I'm having some trouble removing the hose at the top of the boiler that connects to the steam switch. I have removed the 2 M5 bolts but can't separate the metal attachment (Number 25 on http://www.mrbean2cup.co.uk/download-document/gaggia-new-baby-06-class). The diagram suggests they should come apart but I don't want to force it. Any tips on getting them apart (if indeed they are supposed to come apart?)

This is the piece in question http://i.imgur.com/mvUkxMb.jpg

Thanks


----------



## MartinB (May 8, 2011)

It should twist with a bit of lateral movement. Try getting something underneath it to pull it up?


----------



## El carajillo (Mar 16, 2013)

Place the end of a flat bladed screwdriver underneath the pipe connection and gently lever against the top of the boiler, there is a stub on the U/side of the fitting which tends to corrode into the top of the boiler, there is also an "O" ring seal .Just work at it gently and it will come out.


----------



## peche (Dec 2, 2012)

Thanks for the tips - prying it open's not working unfortunately and I'm starting to scratch up the top of the boiler. It's been attached for 6 years so I guess it's stuck pretty fast.

However despite all that I've been able to get the boiler apart and can now give it a clean so I'm hoping I don't need to bother removing the steam pipe after all.

While I've got a forum thread on the subject.. what's a good way to get all the gunk out the inside of the boiler?


----------



## Dylan (Dec 5, 2011)

peche said:


> Thanks for the tips - prying it open's not working unfortunately and I'm starting to scratch up the top of the boiler. It's been attached for 6 years so I guess it's stuck pretty fast.
> 
> However despite all that I've been able to get the boiler apart and can now give it a clean so I'm hoping I don't need to bother removing the steam pipe after all.
> 
> While I've got a forum thread on the subject.. what's a good way to get all the gunk out the inside of the boiler?
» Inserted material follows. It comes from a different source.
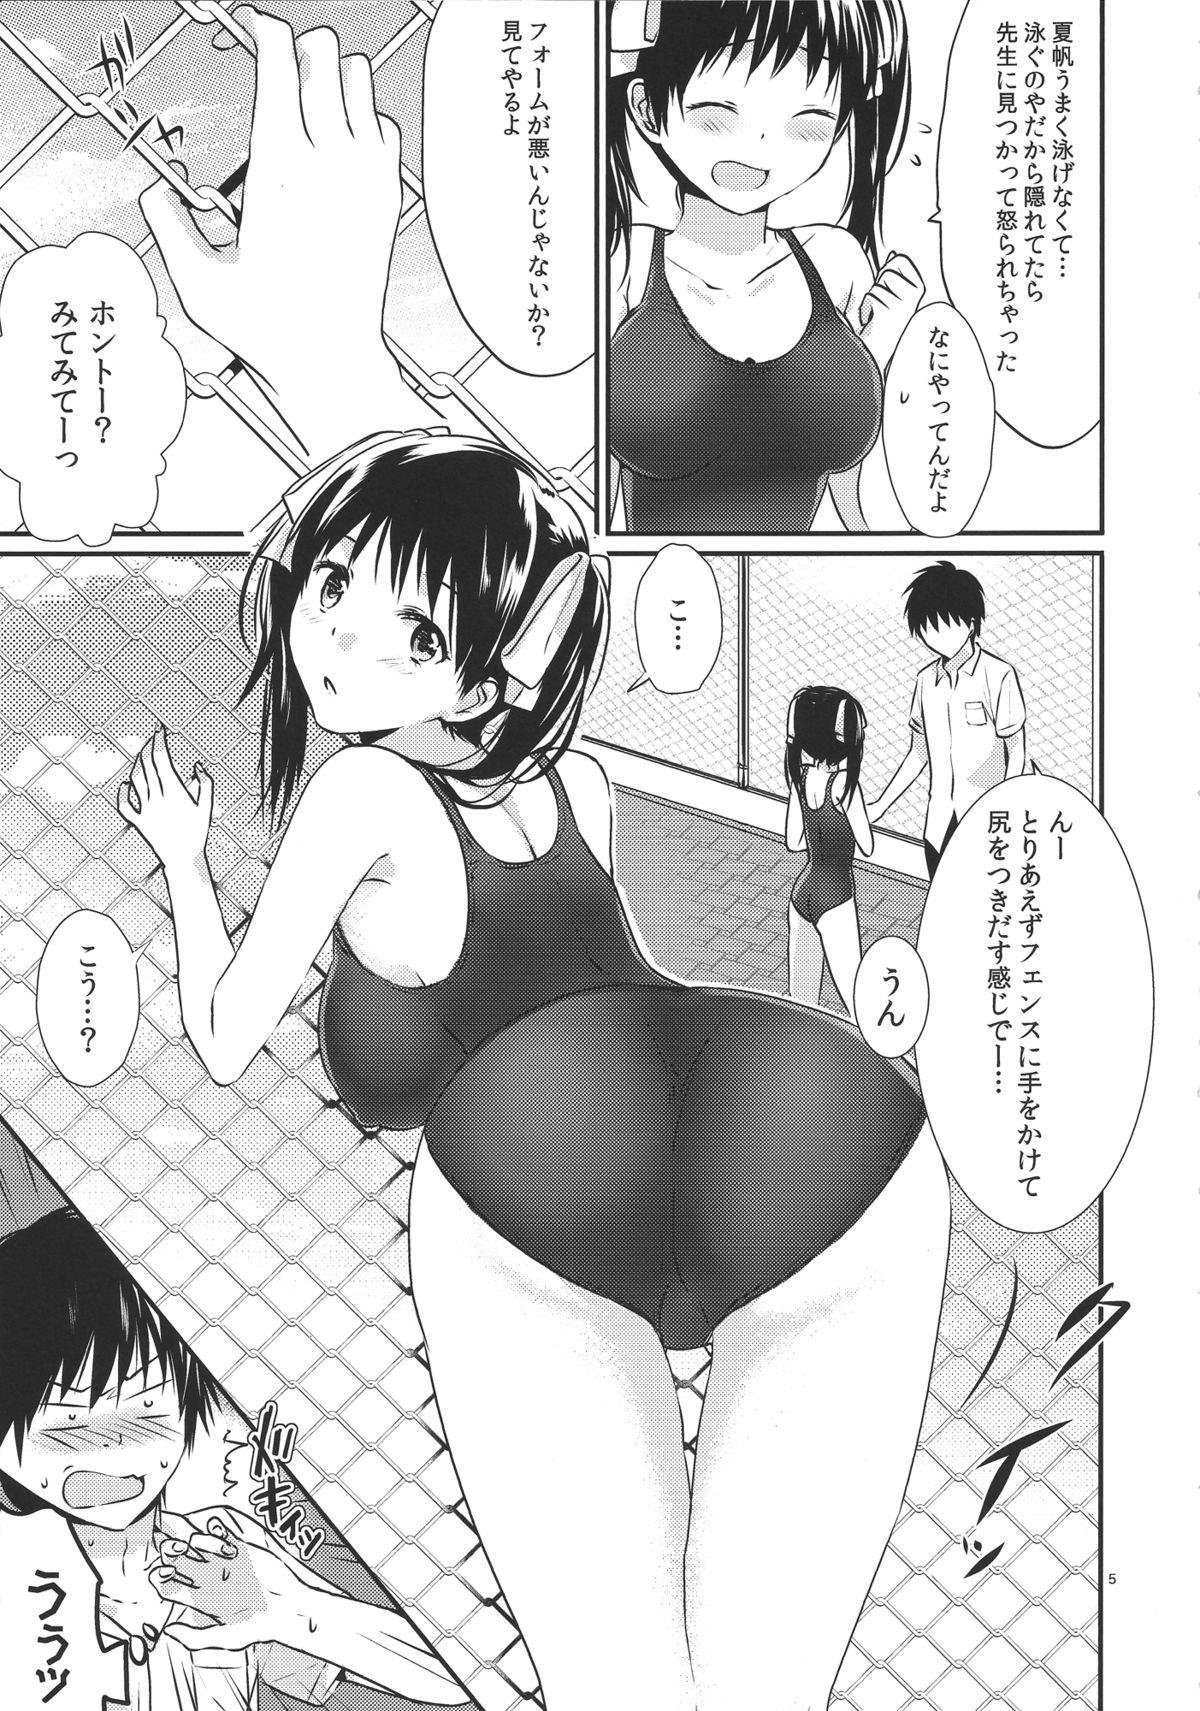 Blackmail Oniichan no koto daisuki dakara sukumizu de nousatsu shite mo iiyo nee Price - Page 4

It's scale, so scoop out what you can and then a good soak in Citric acid (Dezcal is good) over the course of a few days should get rid of it.


----------



## El carajillo (Mar 16, 2013)

peche said:


> Thanks for the tips - prying it open's not working unfortunately and I'm starting to scratch up the top of the boiler. It's been attached for 6 years so I guess it's stuck pretty fast.
> 
> However despite all that I've been able to get the boiler apart and can now give it a clean so I'm hoping I don't need to bother removing the steam pipe after all.
> 
> While I've got a forum thread on the subject.. what's a good way to get all the gunk out the inside of the boiler?


Turn it upside down and put some descaler in it and let it soak.


----------



## peche (Dec 2, 2012)

Thanks all - it's had a good soak and thankfully I was able to put it back together without any screws left over. The pump sounds better now.. it used to change pitch as water came out but now it has only a satisfying low hum.


----------



## MartinB (May 8, 2011)

A tip that works for me is that once descaled, it may look like scale has disappeared however I pop the boiler in an oven for about 5-10 mins and remove (with oven gloves!) and the boiler will be nice and dry & any remaining scale will be visible.


----------